--- GIVEN DATA ---

_____

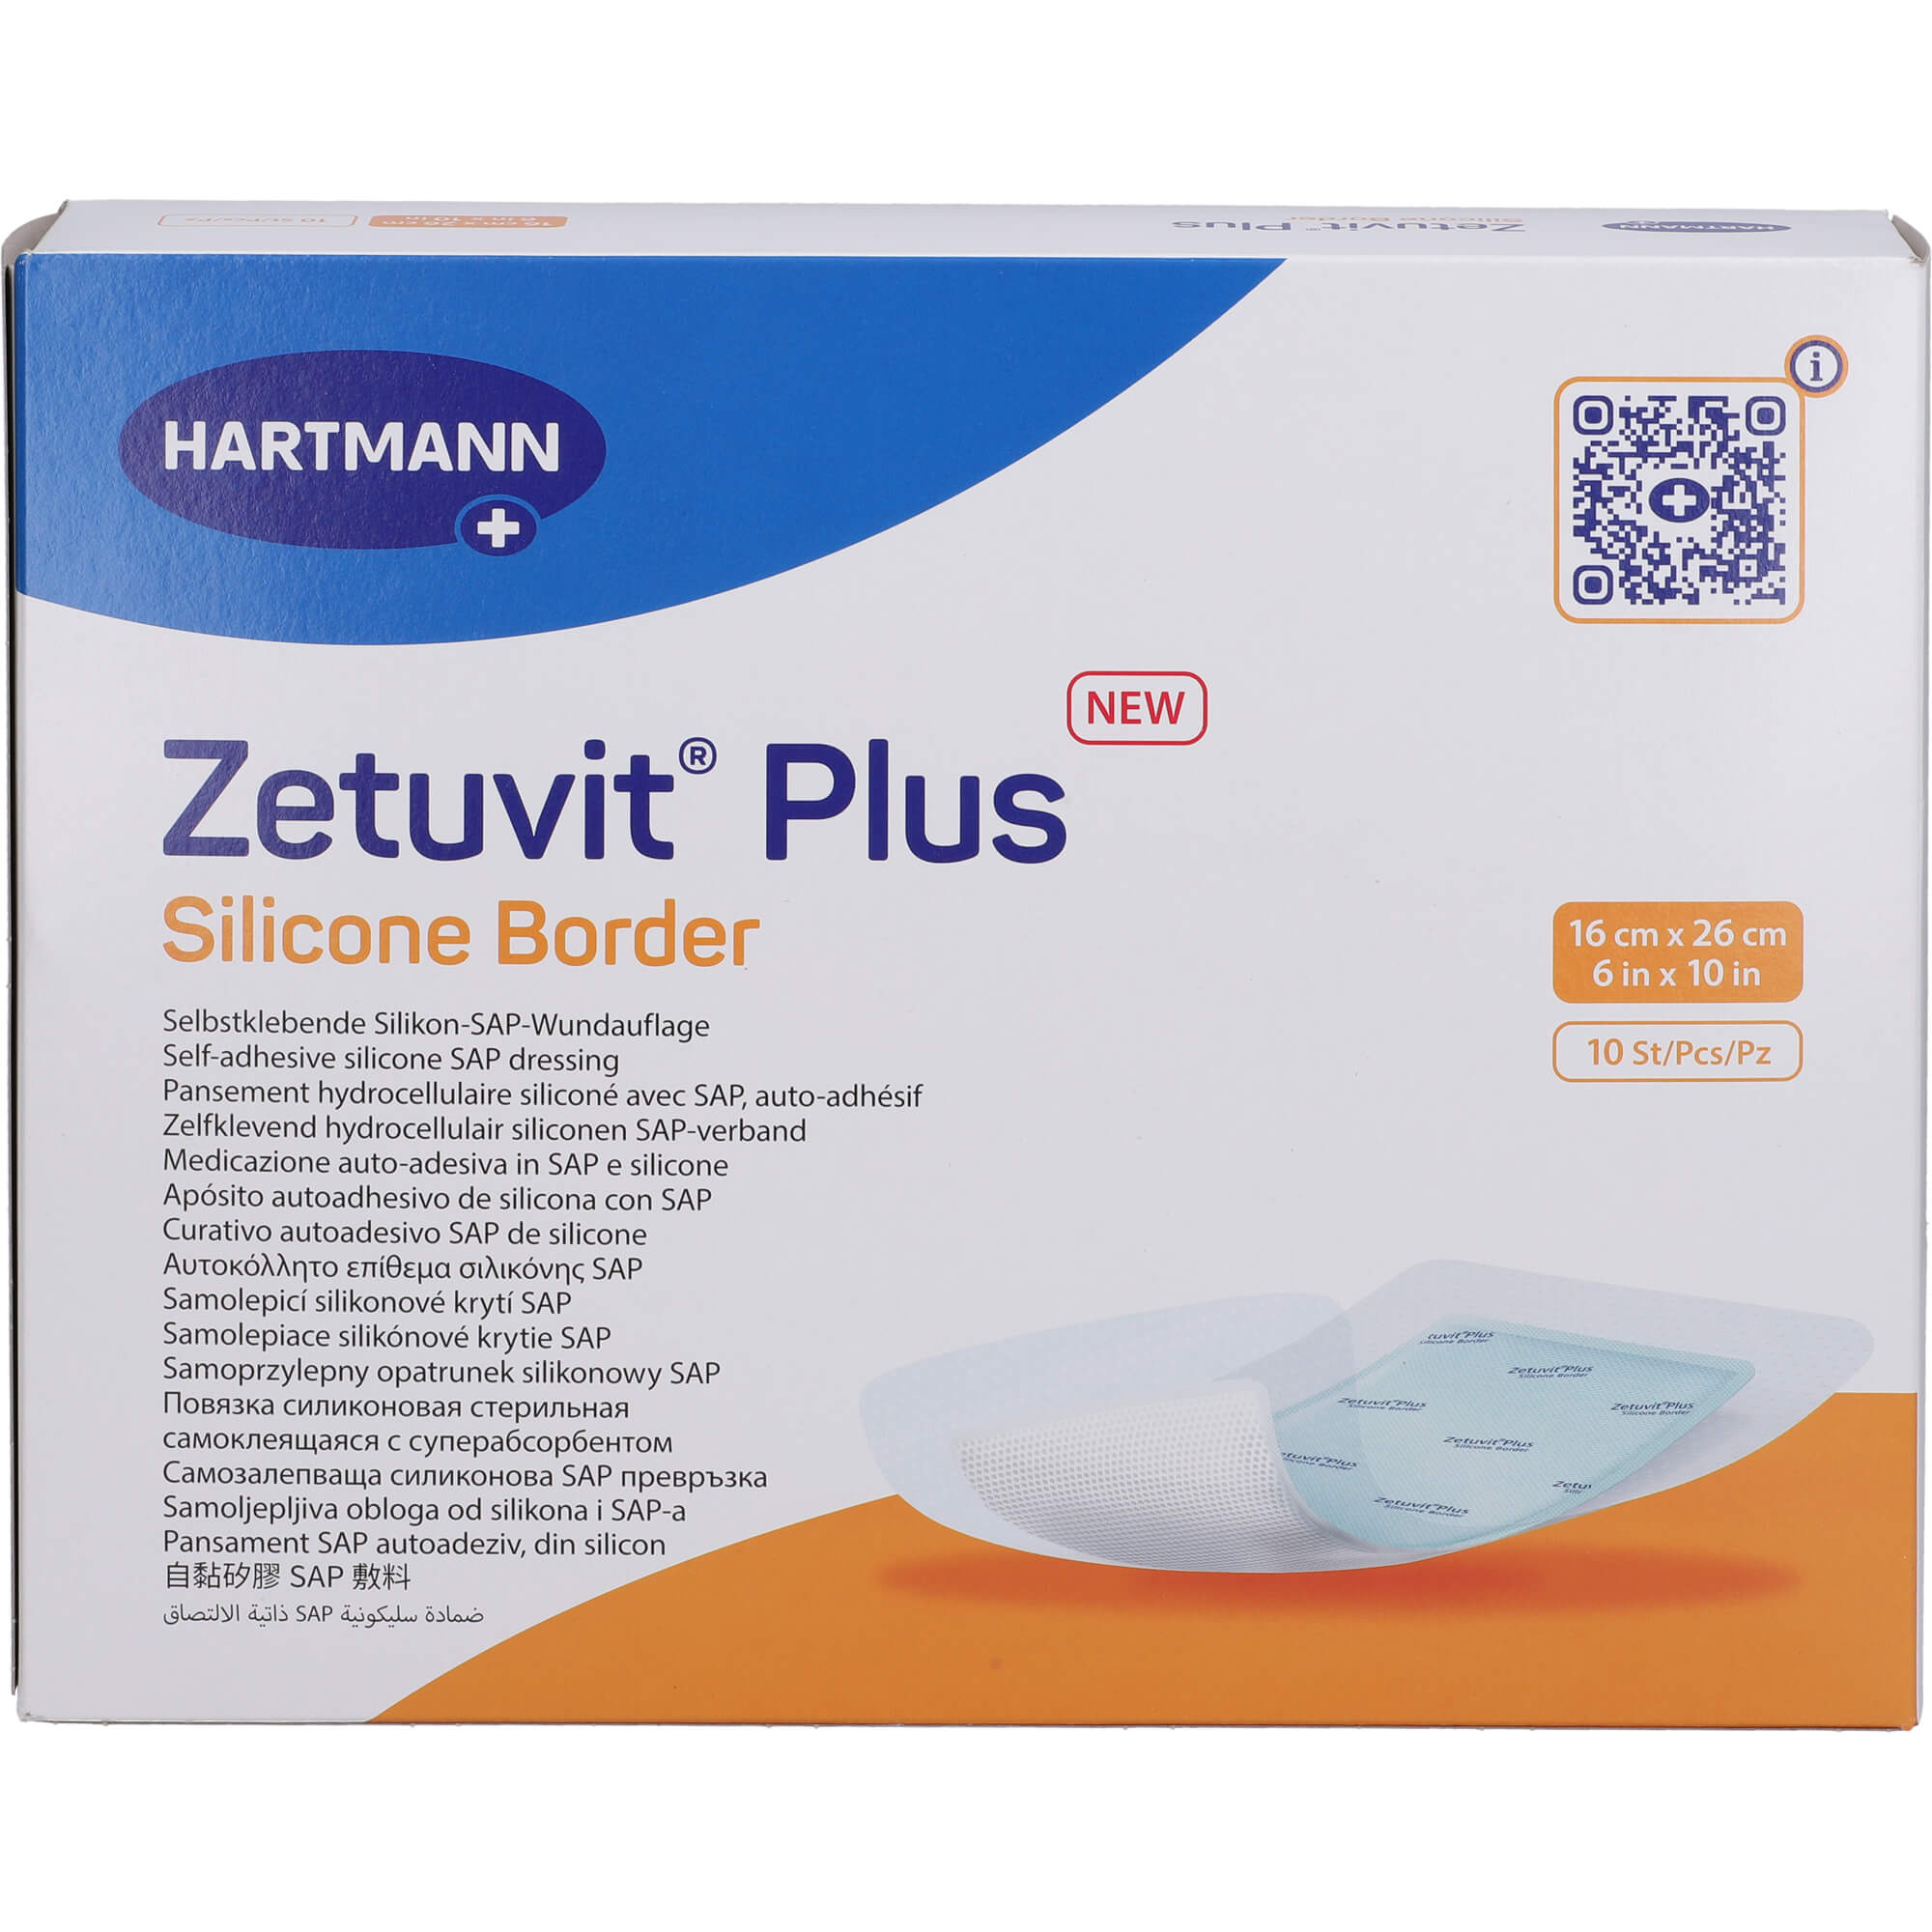 ZETUVIT Plus Silicone Border steril 16x26 cm
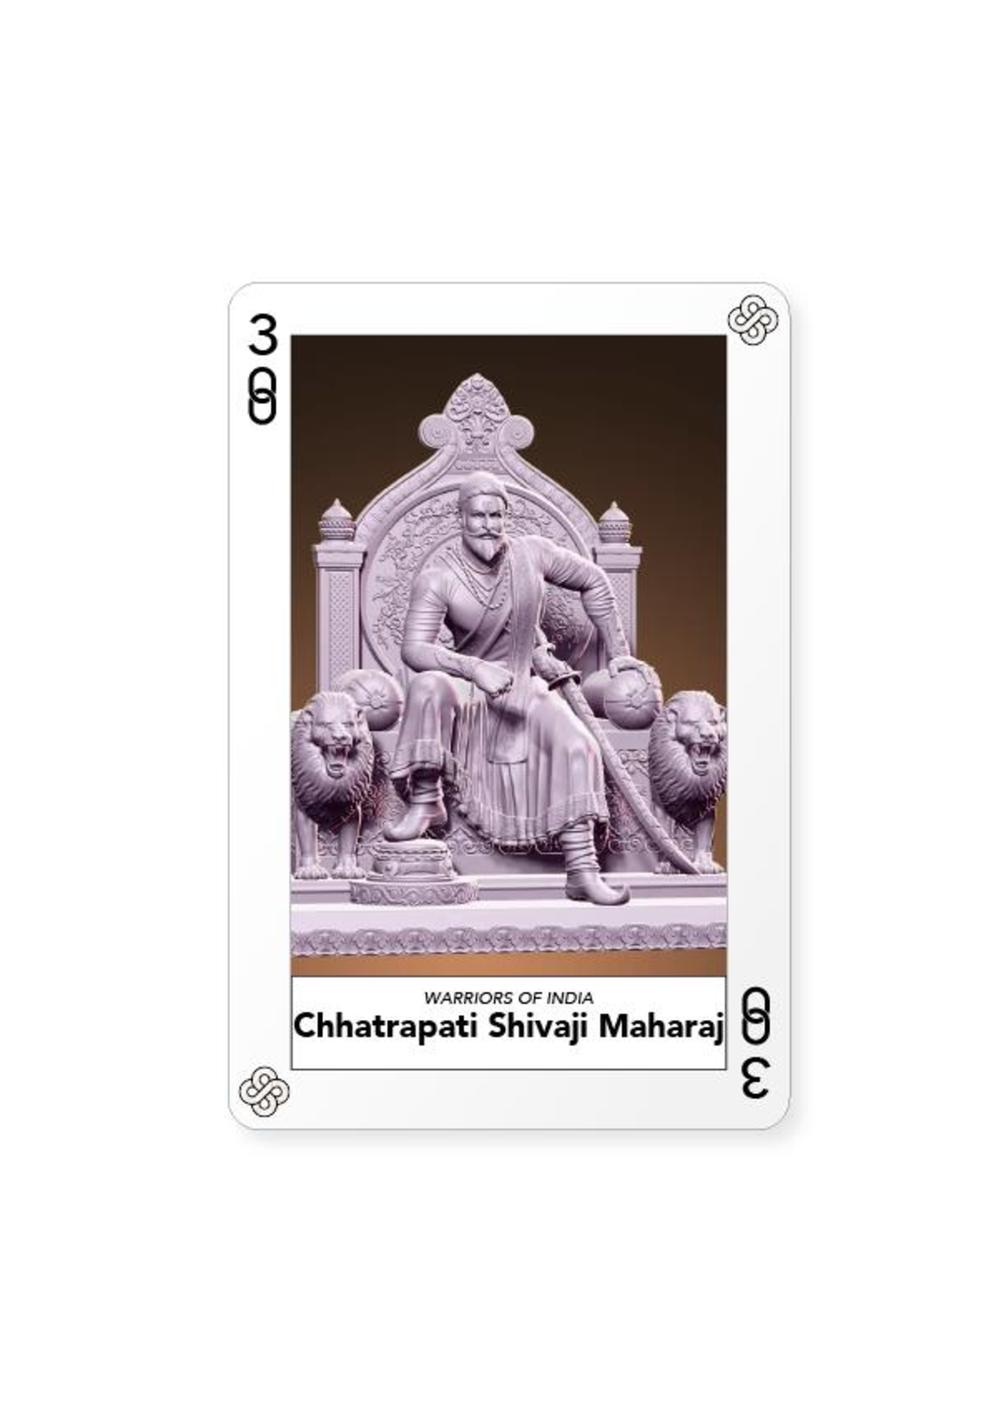 Certificate of Authenticity and Consignment - Chhatrapati Shivaji Maharaj
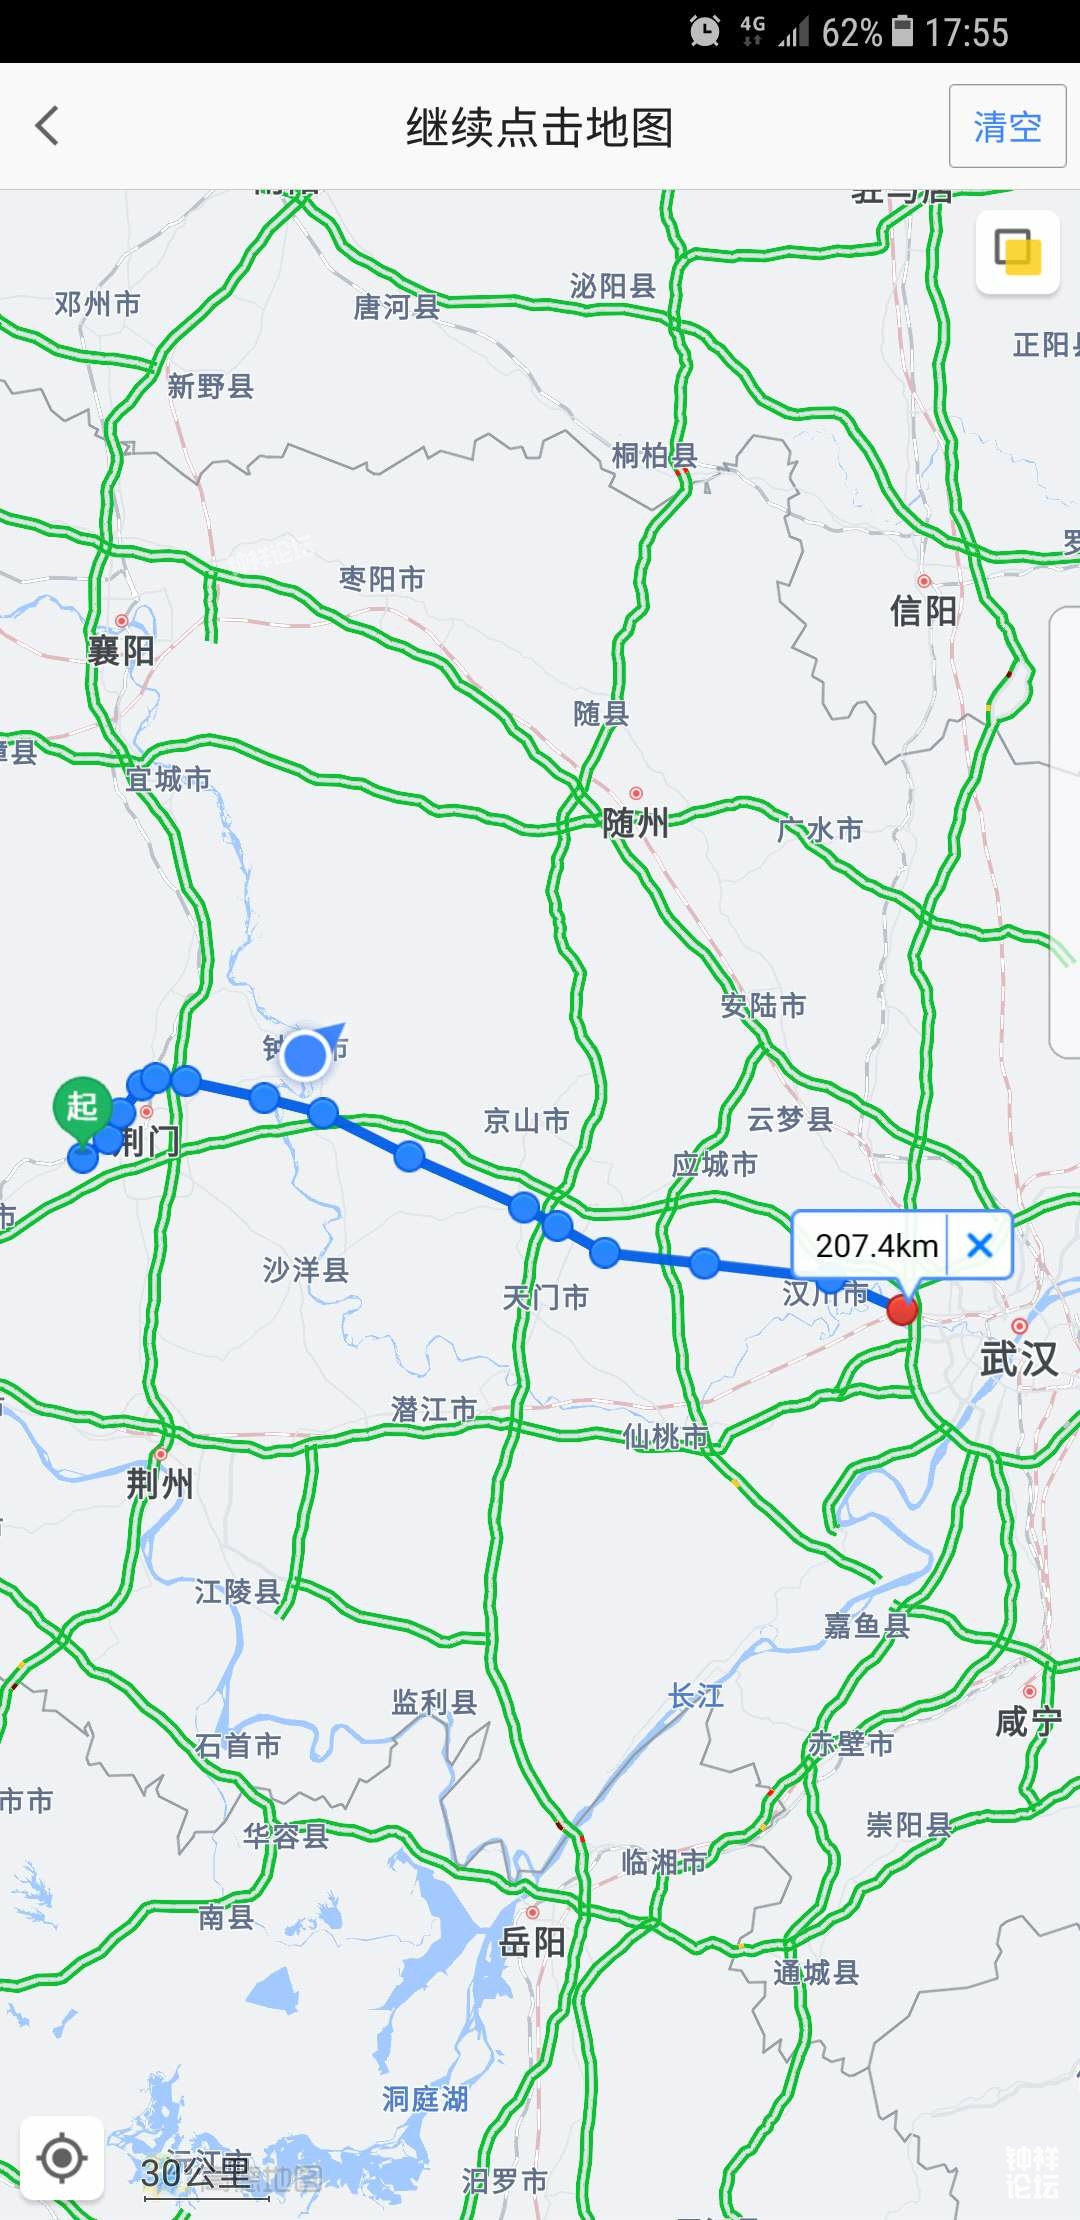 重磅!孝感市委:沿江高铁武荆段途径汉川,应城,正争取应城设站.
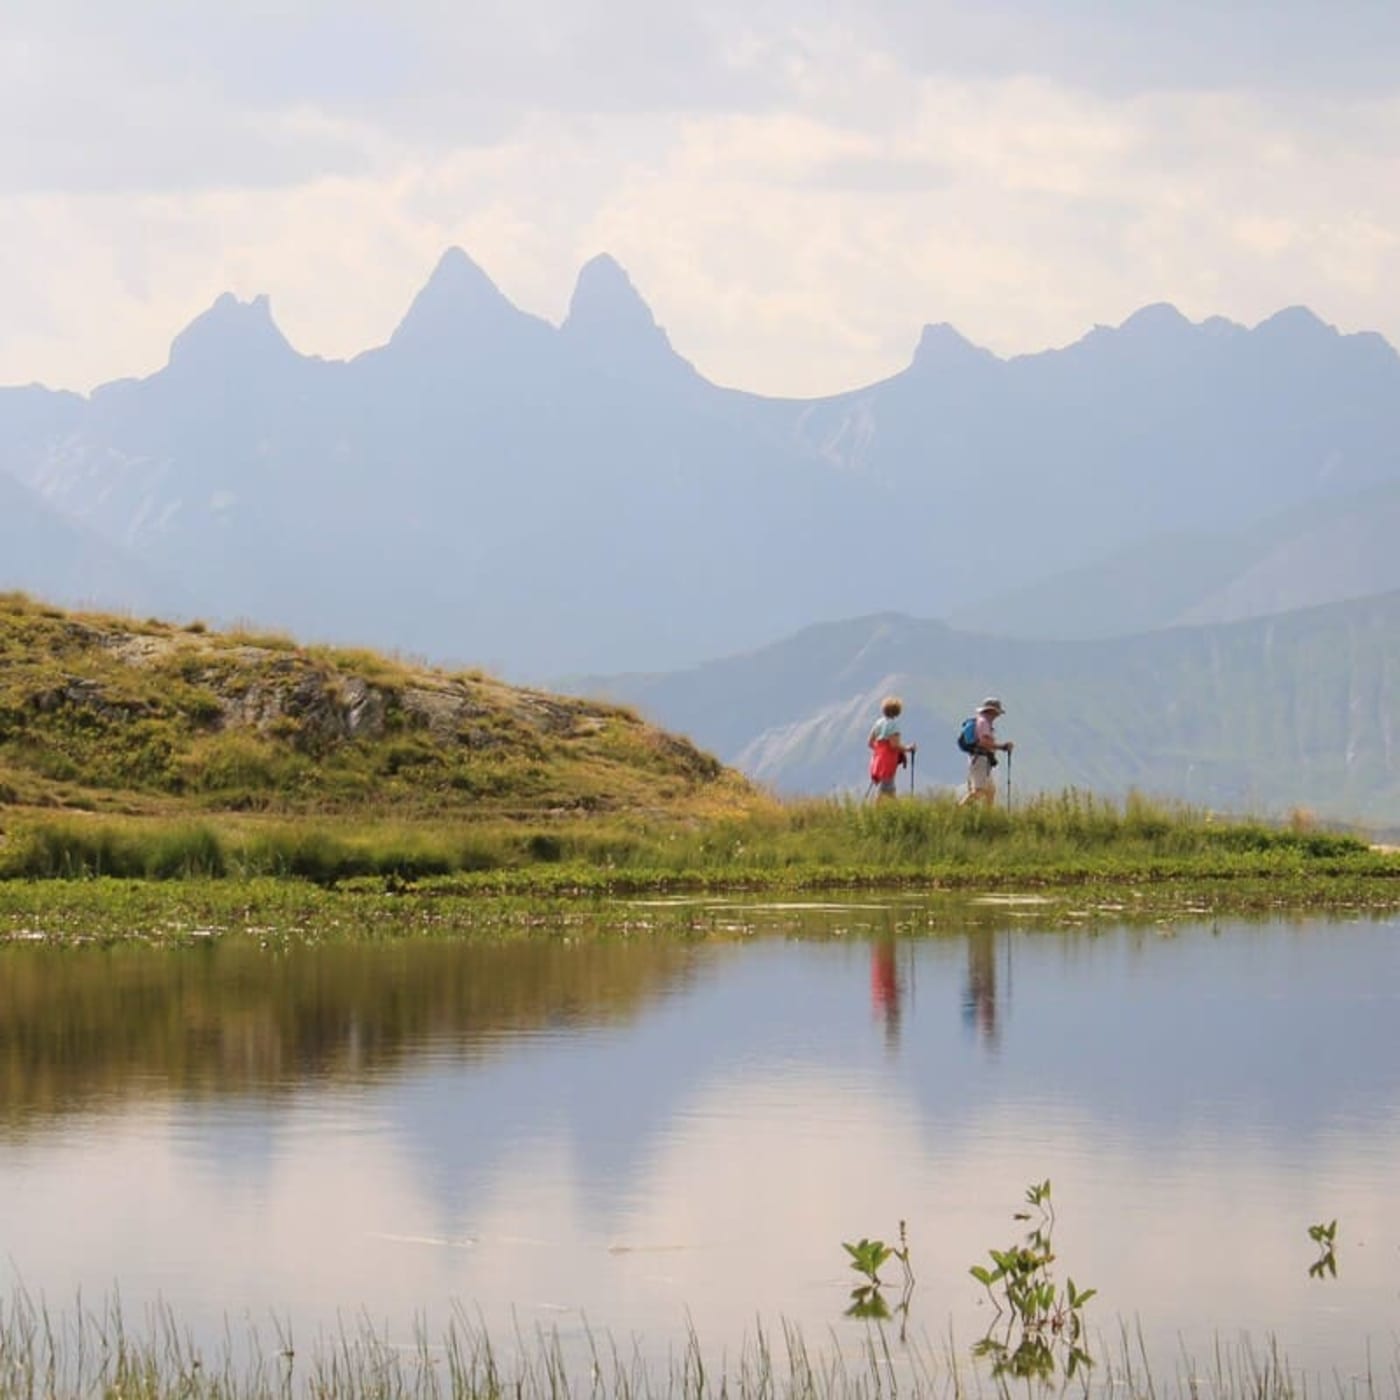 Randonnée lac Guichard : 2 randonneurs se promènent le long du lac où se reflètent les montagnes

_____

--- TASK DETAILS ---
Restate, word for word, all of the material above, leaving out the images.

--- WRITTEN SOLUTION ---
 ZETUVIT Plus Silicone Border steril 16x26 cm
 Certificate of Authenticity and Consignment - Chhatrapati Shivaji Maharaj
 重磅!孝感市委:沿江高铁武荆段途径汉川,应城,正争取应城设站.
 Randonnée lac Guichard : 2 randonneurs se promènent le long du lac où se reflètent les montagnes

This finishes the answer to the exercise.